Monitoring the Cloud for End User Experience

June 18, 2014 | Heroix Staff

Using the Cloud for all or part of your computing infrastructure doesn’t mean you can ignore monitoring. If you’re using Cloud based SaaS applications, or you have web applications hosted in the Cloud, you still need to verify that those resources are available and responsive. This doesn’t mean you have to do a deep dive into DevOps optimization – but you should verify the applications are performing for your users.

From the perspective of a Cloud user, how often a backend server needs to be migrated, or when a noisy neighbor slows an application down doesn’t matter. The Cloud obscures the details of the problem, and the user just cares that your web page took longer to load than they were willing to wait – and, oh, look – another cute kitten video.

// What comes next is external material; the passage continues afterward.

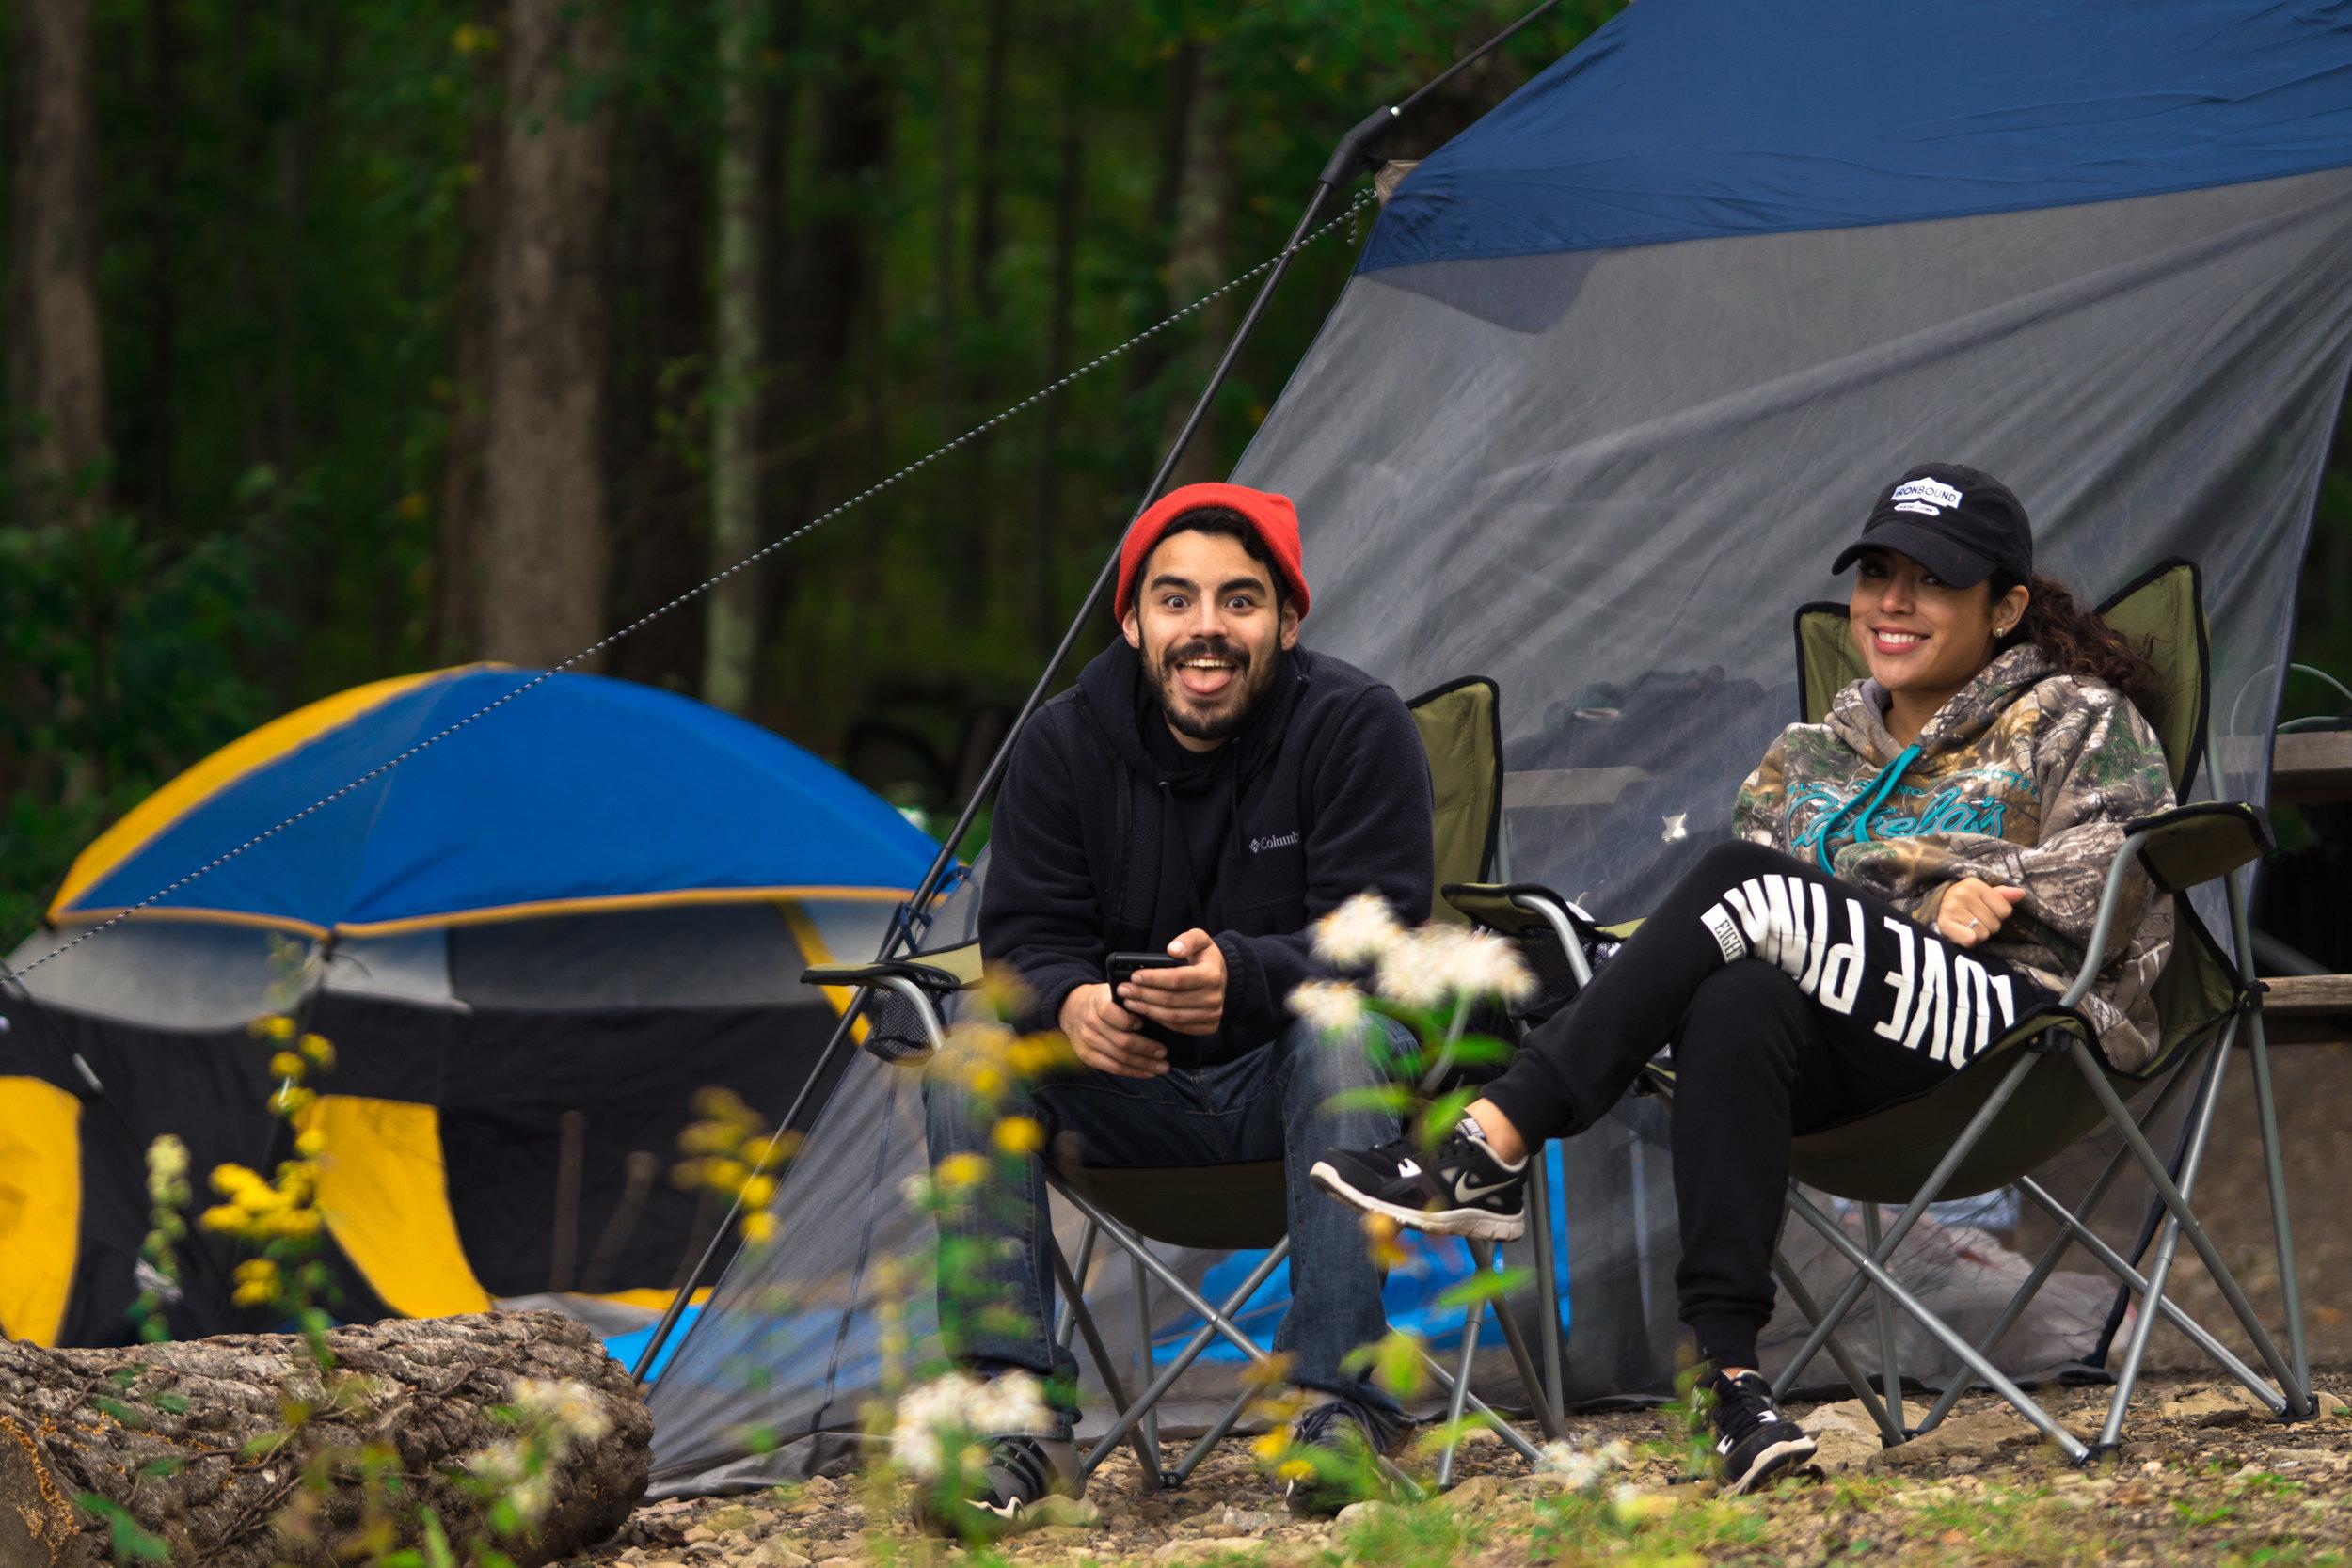 High Point Camping Trip Roman Family-22.jpg

The minimal areas you should monitor for Cloud performance from a user perspective are:

    • Verification of SLA agreements
      We’ve discussed Cloud SLAs before, and pointed out that the compensation many vendors offer is typically not enough to offset losses and is only available if you notice the outage, plus excludes maintenance windows. If your application needs to be available 24/7, you should be checking that you can access it 24/7, and check with the vendor if it’s not available when it should be. And, of course, documenting your outages so you can cash in on the SLA agreement if needed.
    • Application responsiveness
      SLA agreements only refer to uptime. If the application is available, but too slow for users to wait for, then it is effectively unusable. A responsiveness check should involve whatever functionality your application provides. If your users can log in, enter data, search, update records, etc – that is what you should be testing. You can create macros that will automate this, and then archive the data for trend analysis.
    • Optimizing resource reservations
      One of the draws of the Cloud is that you pay for what you use. However, if you reserve resources beforehand, you can pay a lower rate than you would for ad hoc resource requests. If you’re using IaaS to host your requests, keep an eye on the basic server monitoring metrics - CPU, disk, network and memory – and use your observations to fine tune the basic resources you request from the Cloud provider.
  • Pinpointing application problems
    Just because you can’t get to a Cloud application doesn’t mean it’s the vendor’s fault. The internet is between your users and the Cloud servers. If your DNS provider’s servers go down – or are attacked – users won’t be able to find your application. If your ISP has an outage, the application will be there, but users inside your organization won’t be able to get to it using your network. Or, the problem could just be that a switch or a router has died, or your network bandwidth usage is too high.Chart out the points of failure between your local network and your Cloud, and monitor them so that you can keep track of the cause of application failures. You can fix problems on your internal network but for external problems, keep track of when and where they occur, and of the vendor’s response.